Perempuan itu tahu, jika saja teman-teman suaminya yang sekarang sudah berpangkat datang atau bercerita, selalu dengan nada setengah menyesalkan suaminya, mengapa justru suaminya yang berjuang di tahun 45 sampai 50-an mengundurkan diri. Bukankah yang dulu cuma sekali dua memegang senapan di tahun 48-an sekarang menerima pensiun?
“Siapa yang mengira bahwa sekarang akan ada veteran? Jaman itu kan cuma sekedar perang.”
“Kalau kau mau mengurus, mungkin masih bisa. Banyak teman-teman kita sendiri yang memegang urusan ini.”
Tapi perempuan itu tahu bahwa suaminya tidak mengurus dengan serius, bahwa suaminya tidak menyesalkan pengunduran dirinya.
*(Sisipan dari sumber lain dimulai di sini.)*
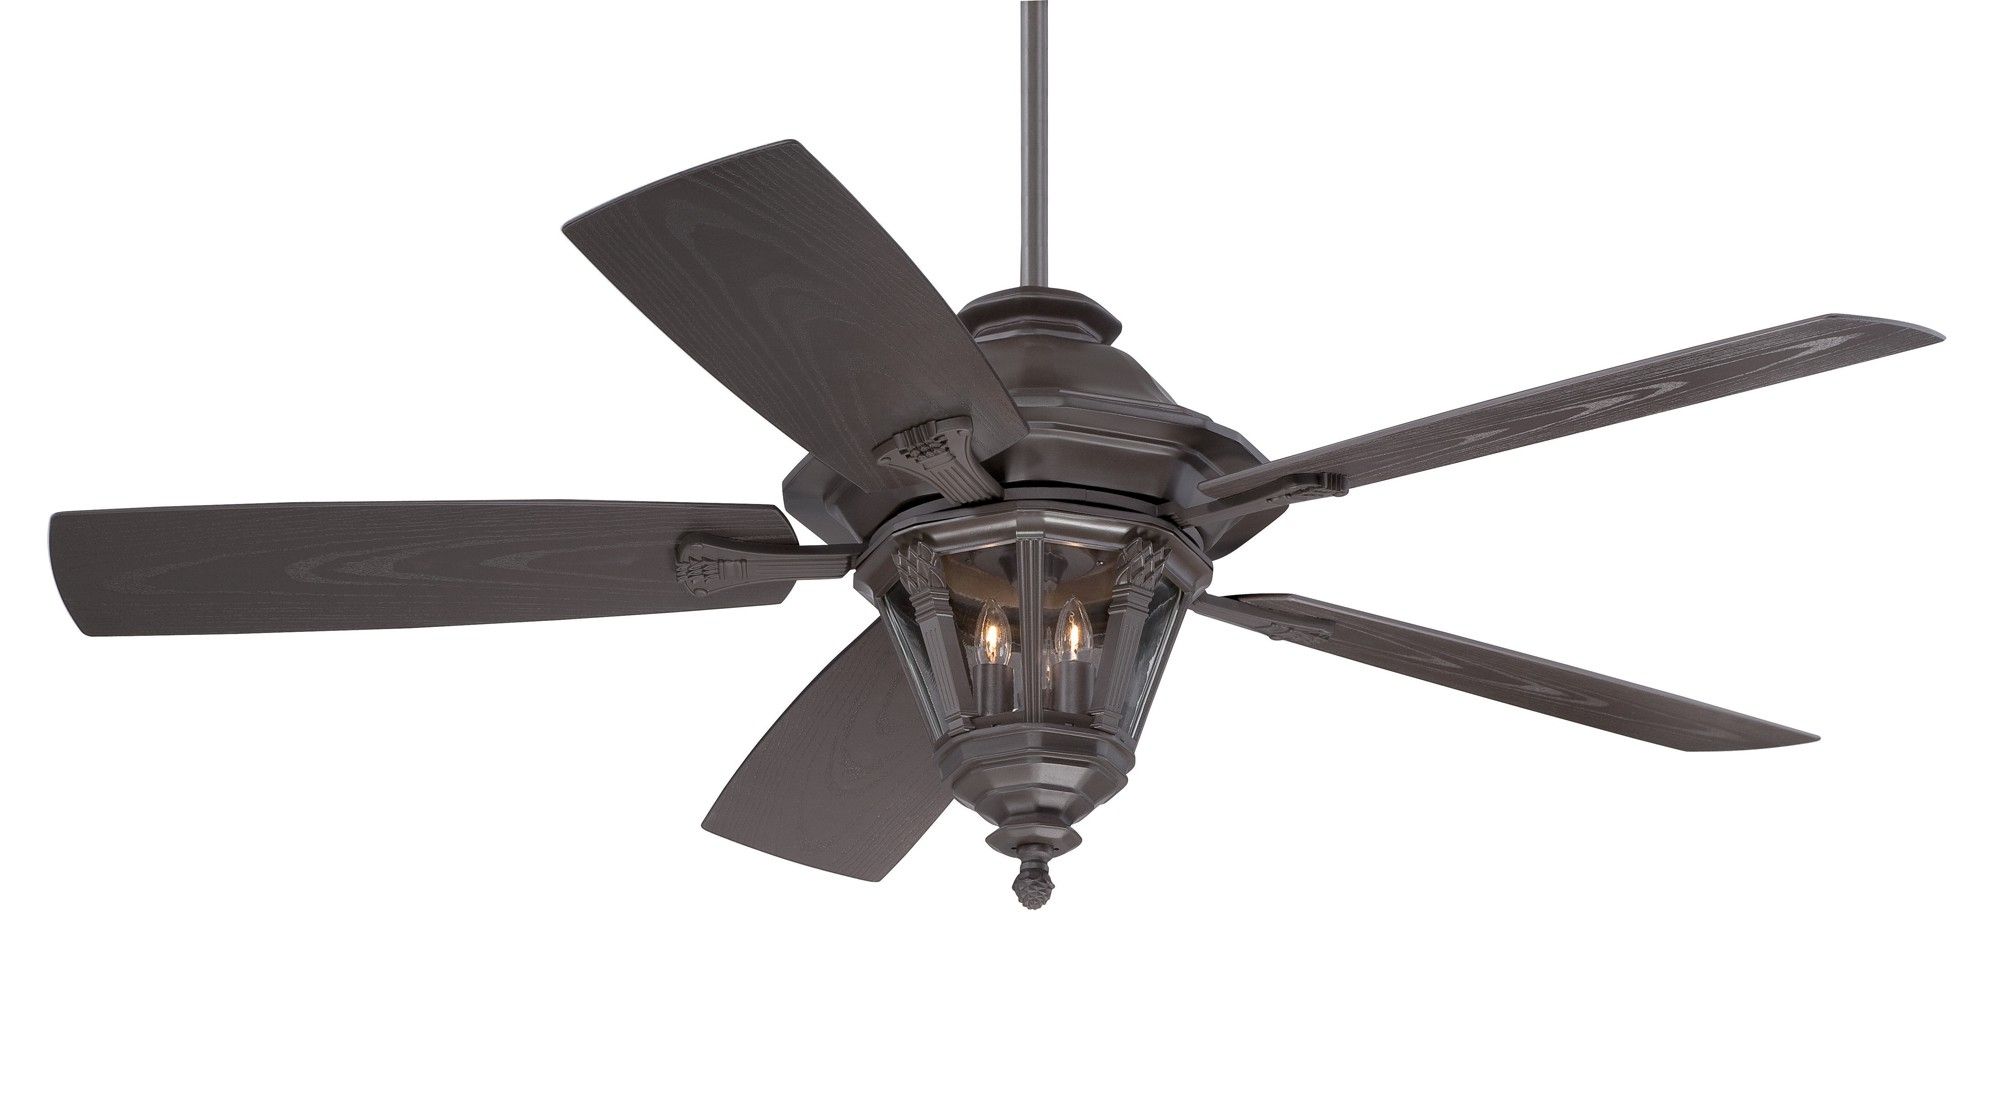 Top 10 Unique Outdoor Ceiling Fans 2018 Warisan Lighting, Best Pertaining To Trendy Outdoor Ceiling Fans With Lantern Light (View 1 of 20)
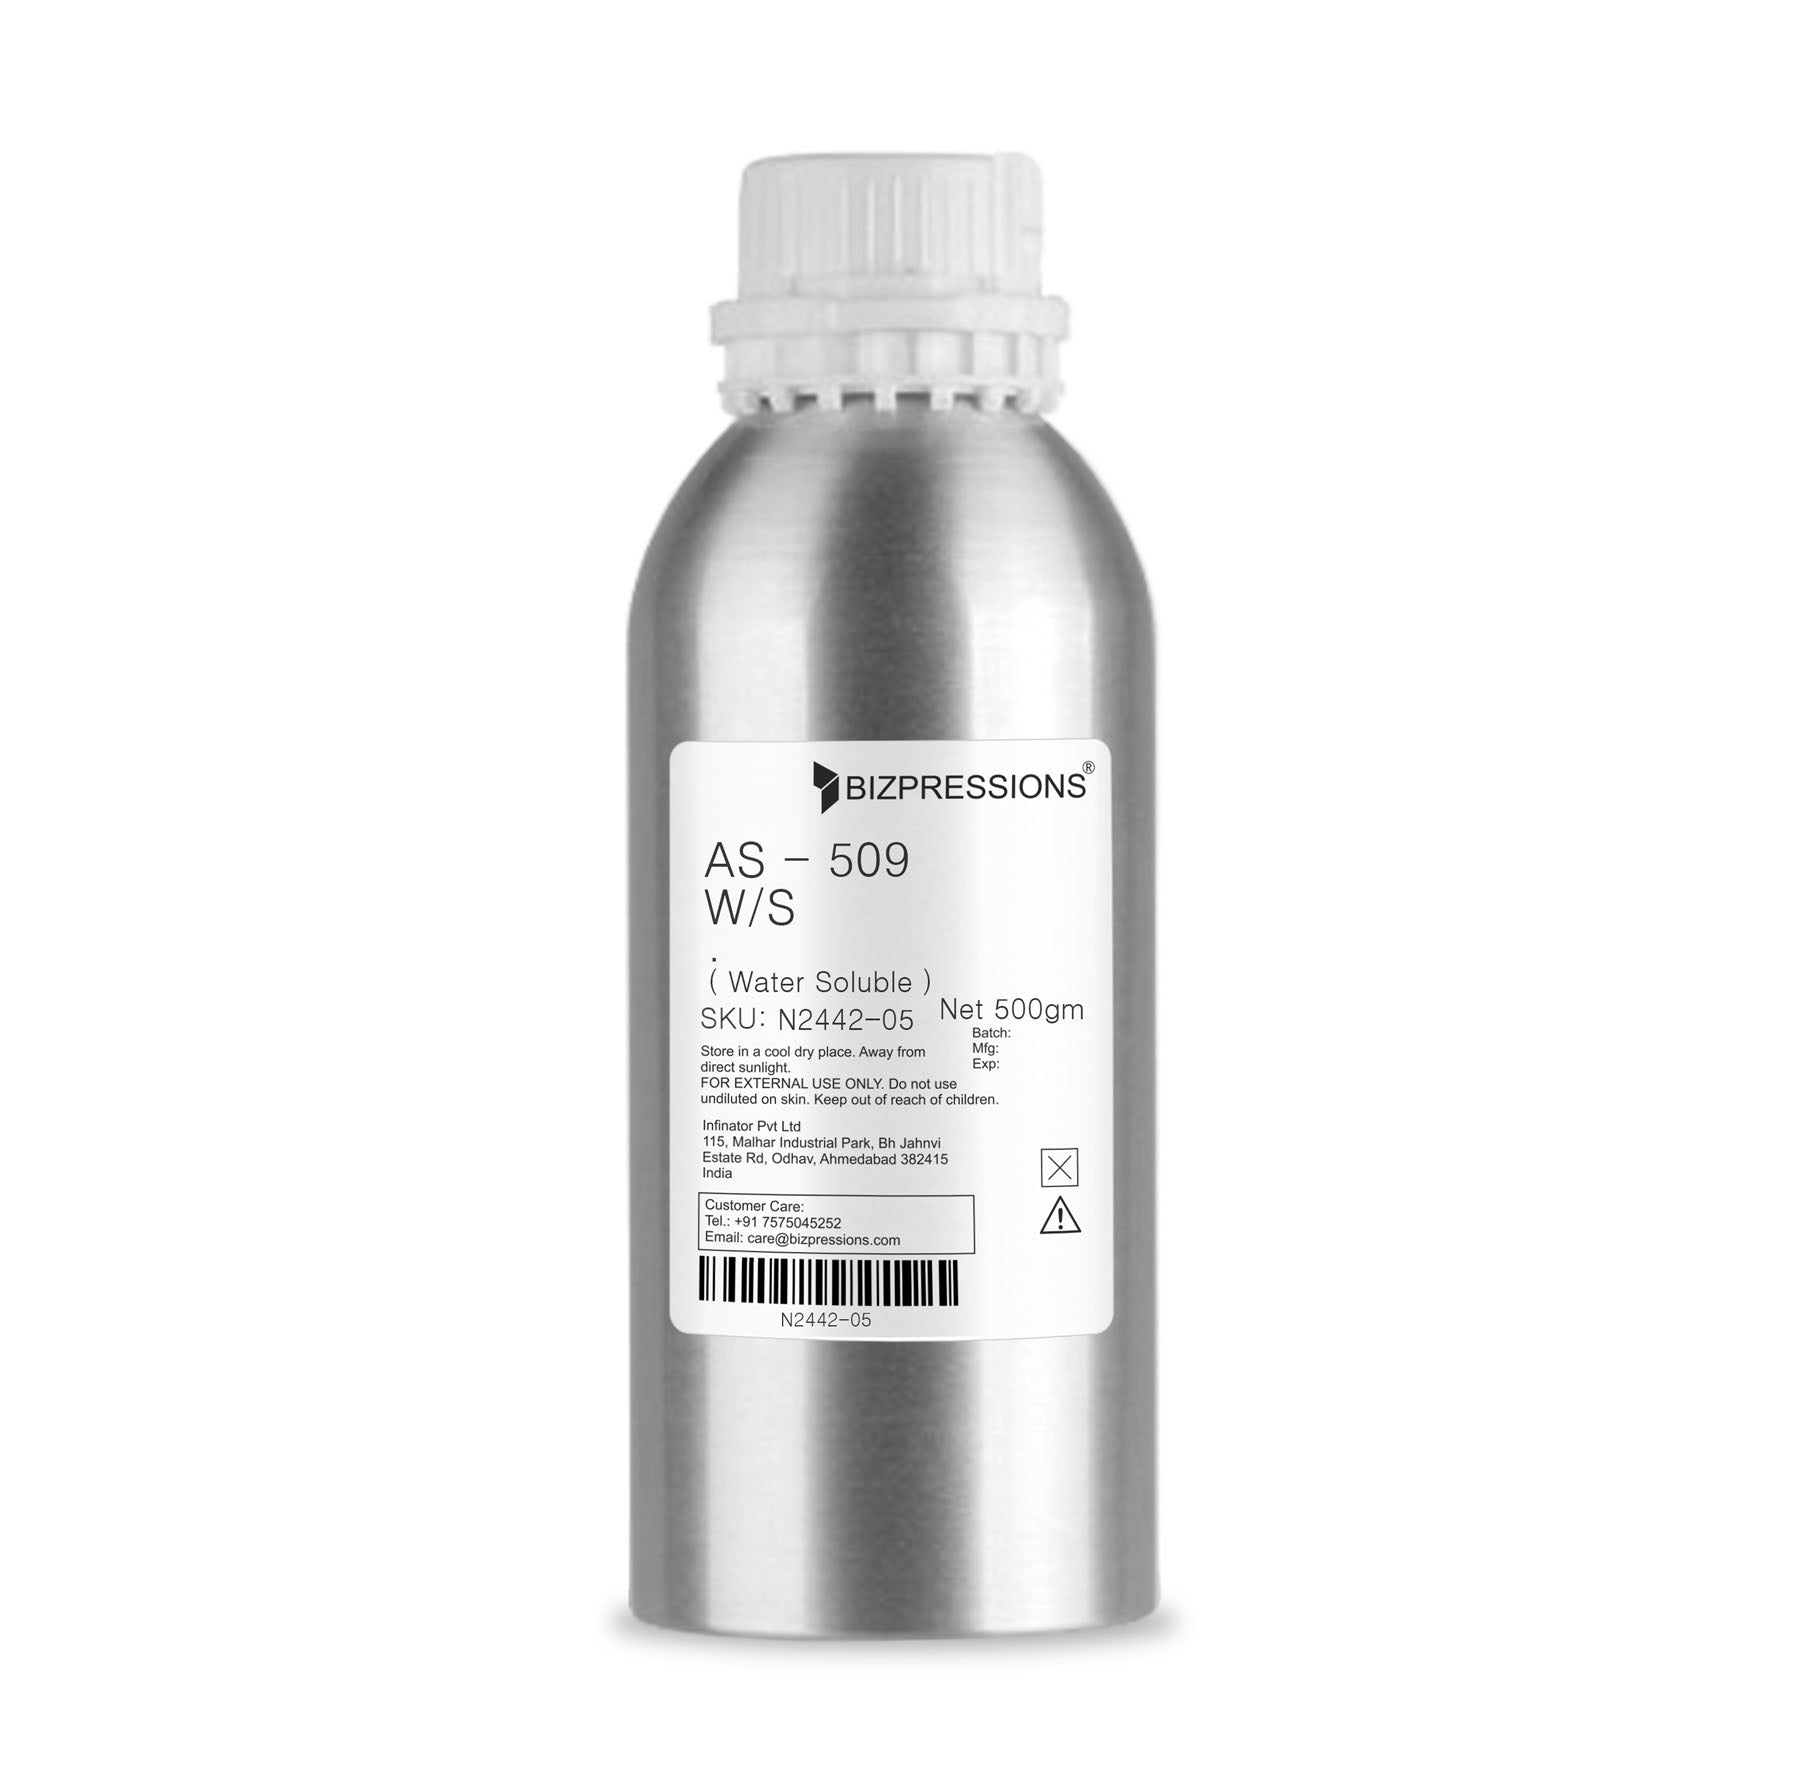 AS - 509 W/S - Fragrance ( Water Soluble ) - 500 gm

Seperti juga tidak pernah menyesalkan dirinya yang belum juga mempunyai anak. Perempuan itu mendengar bahwa suaminya sering bercerita, jika saja kawan-kawannya yang dulu datang dan mengalem padanya.
“Di antara kawan sepasukan, kau yang paling berani. Sungguh, dalam tiga pertempuran kau naik pangkat terus.”
“Ketika itu, naik pangkat bisa terjadi sewaktu-waktu. Tidak aneh.” Ditolaknya pujian itu dengan halus.
“Tapi juga bisa diturunkan dengan tiba-tiba.”
Suami perempuan itu tertawa dan menyedot-nyedot rokoknya. Dan perempuan itu pun mengerti, meskipun sekarang bukan perang seperti itu, suaminya kadang memberi belanja tidak tetap, seperti jaman perang. Dan perempuan itu makin menghormati suaminya yang bekerja satu hari penuh. Seperti suami itu makin menyayangi isterinya yang sehari penuh mengasuh anak-anaknya.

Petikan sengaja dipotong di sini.